Wow that's amazing that's you're training for a half-marathon and for OCD-UK too :clapping:

Mindfulness isn't the go to therapy for OCD so I'd recommend focusing your attention on CBT the most, but by all means practise mindfulness as well. I would guess that your compulsions have gone up recently and that's why you've had an upturn in thoughts. Trying to get to the bottom of them, is rumination, do you also block out thoughts, ask for reassurance, avoid people or places, think back to check and make sure of something? All of those are common compulsions that will increase the frequency of the thoughts and increase the strength of the emotions they bring on. 

I recommend looking into getting therapy, having someone to talk to and someone who is on your side supporting you can really make the difference when fighting OCD. In the mean time have you got some self-help materials? Break free from OCD is a self-help book that is a great place to start. It has exercises for you to do and will take you through how to start tackling your problem. 

Remember thoughts are just thoughts, they don't say anything about you as a person, that's just a trick OCD plays to get you stuck. 

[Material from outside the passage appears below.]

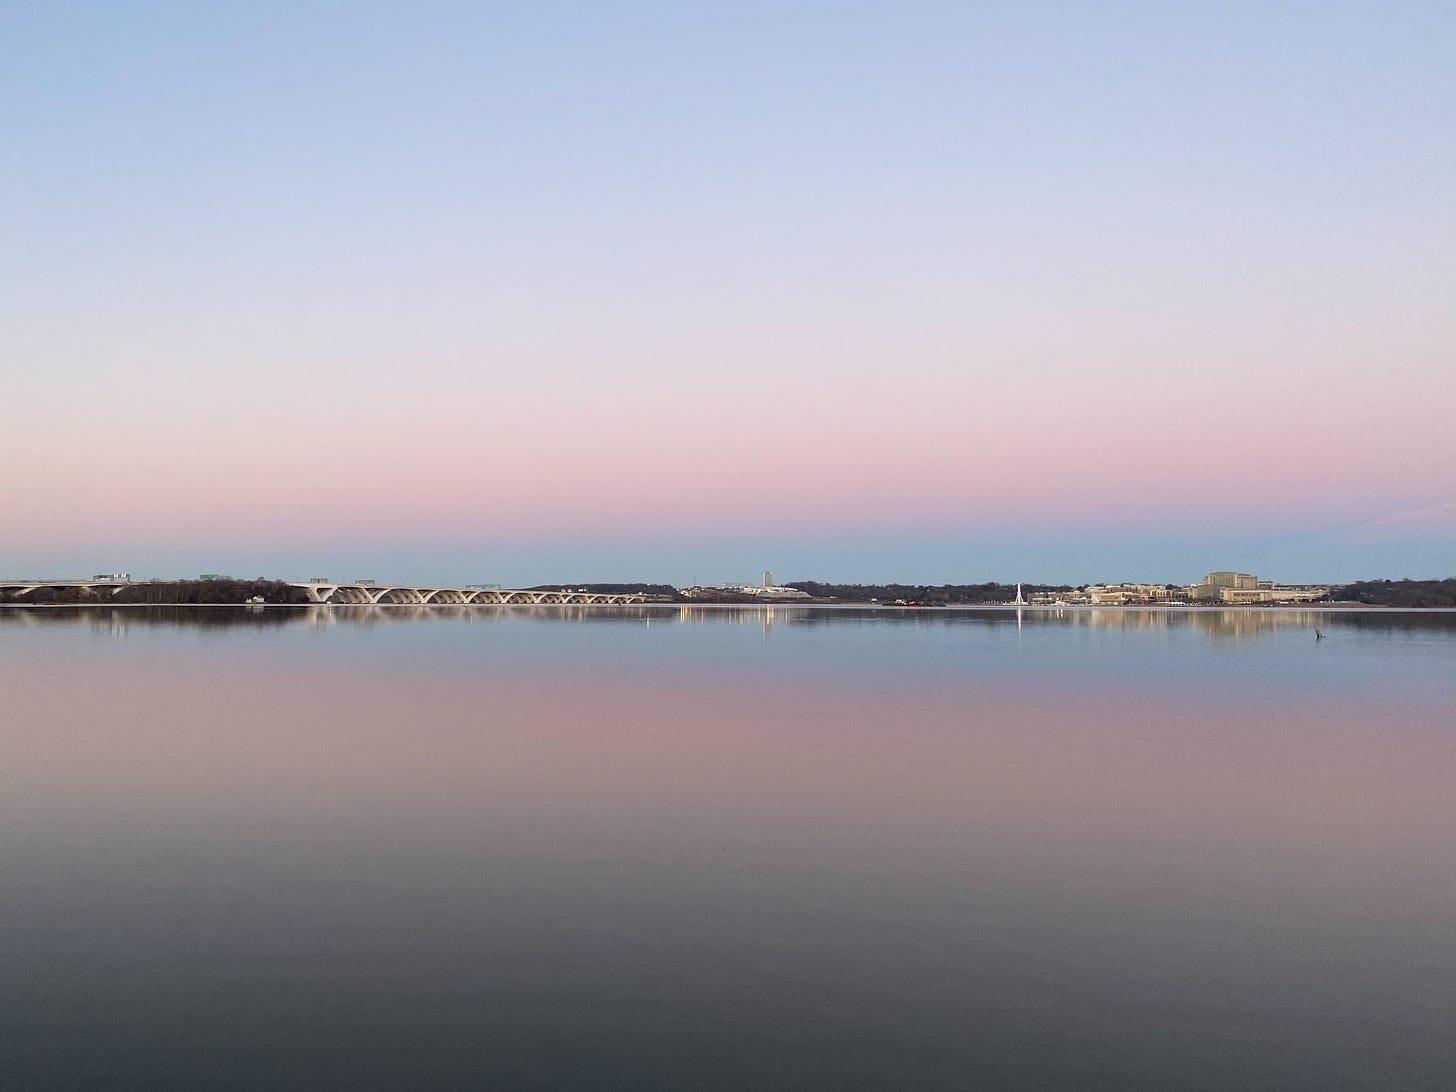 Photo of a calm, flat, wide river with a bridge in the distance and the sunset hues of blue, white, pink and purple reflected onto the water from the sky.
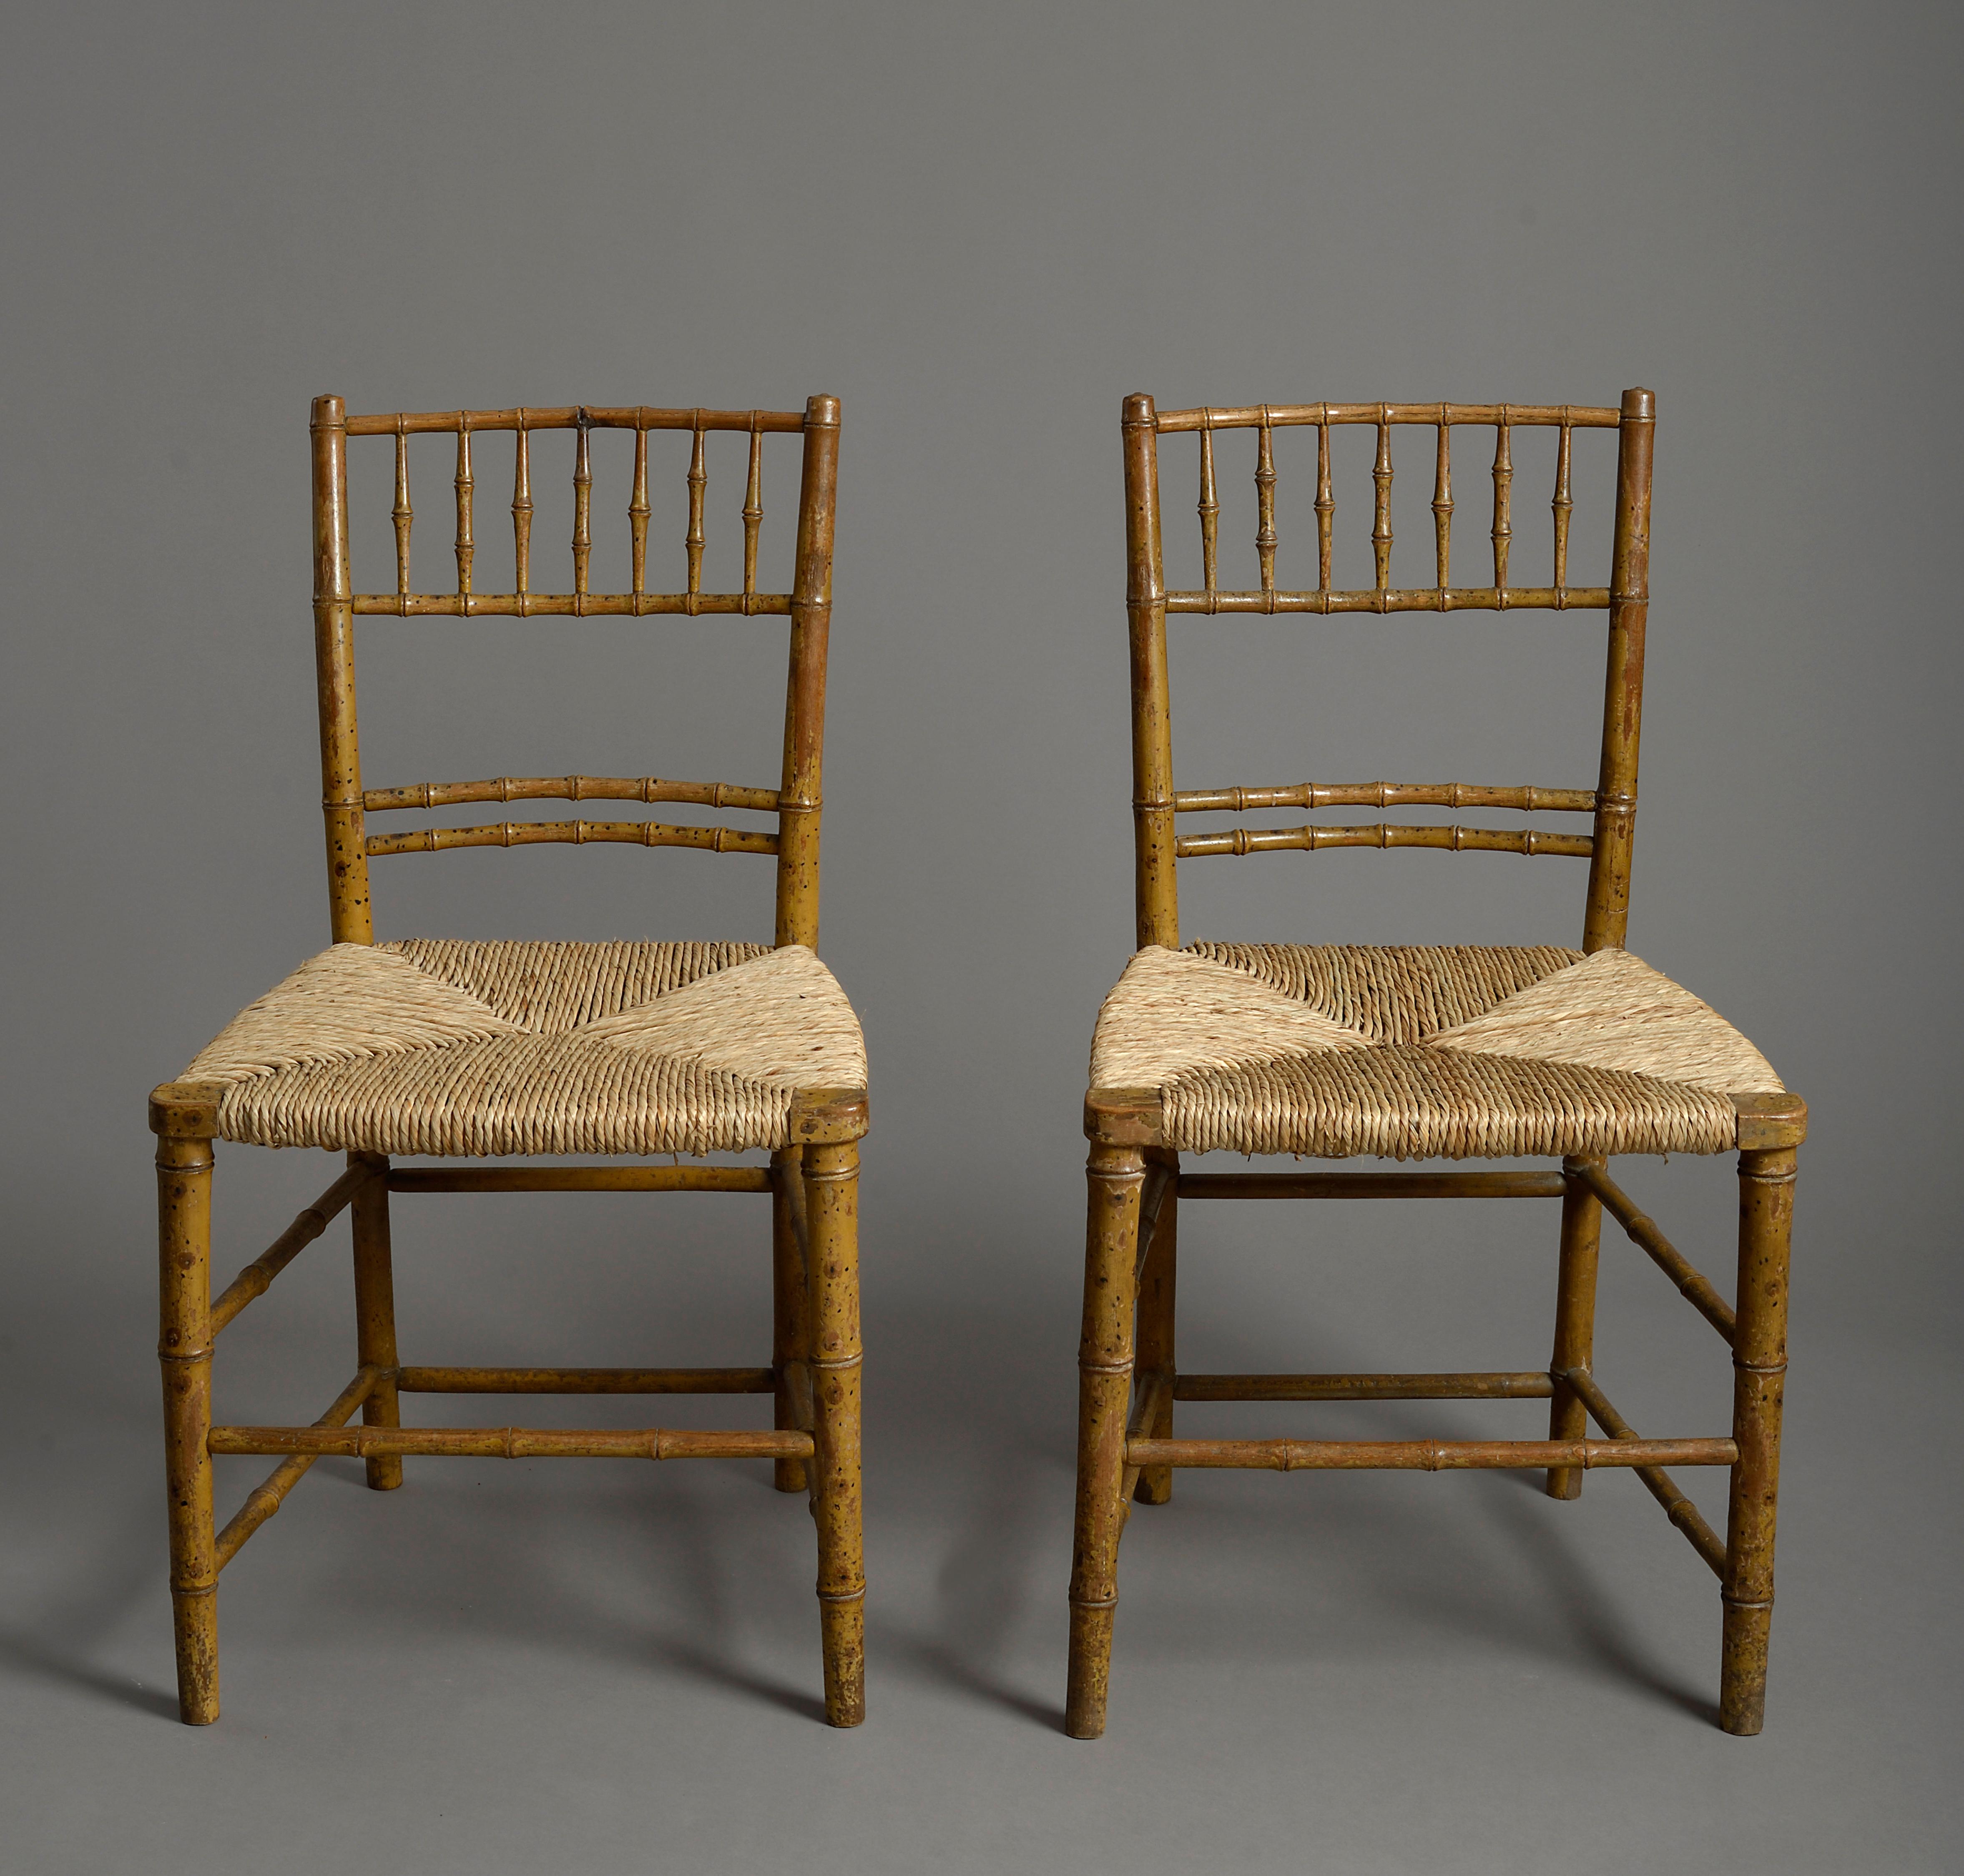 A pair of early 19th century Regency Period faux bamboo painted bedroom chairs, with spindle backs and stretchers and rush seats.

Don't forget we can support you too when you need a nudge in the right direction :)

Thank you! I really wanted to give something back, as well as push myself!

I need to go back to my therapist and as soon as I get paid from my new job I will. 

I try to block out thoughts, i guess coming on here for reassurance is something I do a lot as well but I am too scared to talk to my parents about it which makes me feel more guilty. Sometimes if I run past a family or group of children i will cross the road and I definitely am thinking back to situations when I was younger or even checking if I'd done anything that day i.e. look at a child in a certain way. Today 2 teenaged boys walked past my car and I looked at them for a few seconds to try and figure out if I was attracted to them, then realised what I was doing and was like how could i do that?! And of course I knew I wasn't attracted to them but yet I felt so guilty for looking at them to check. The guilt and the shame are destroying me.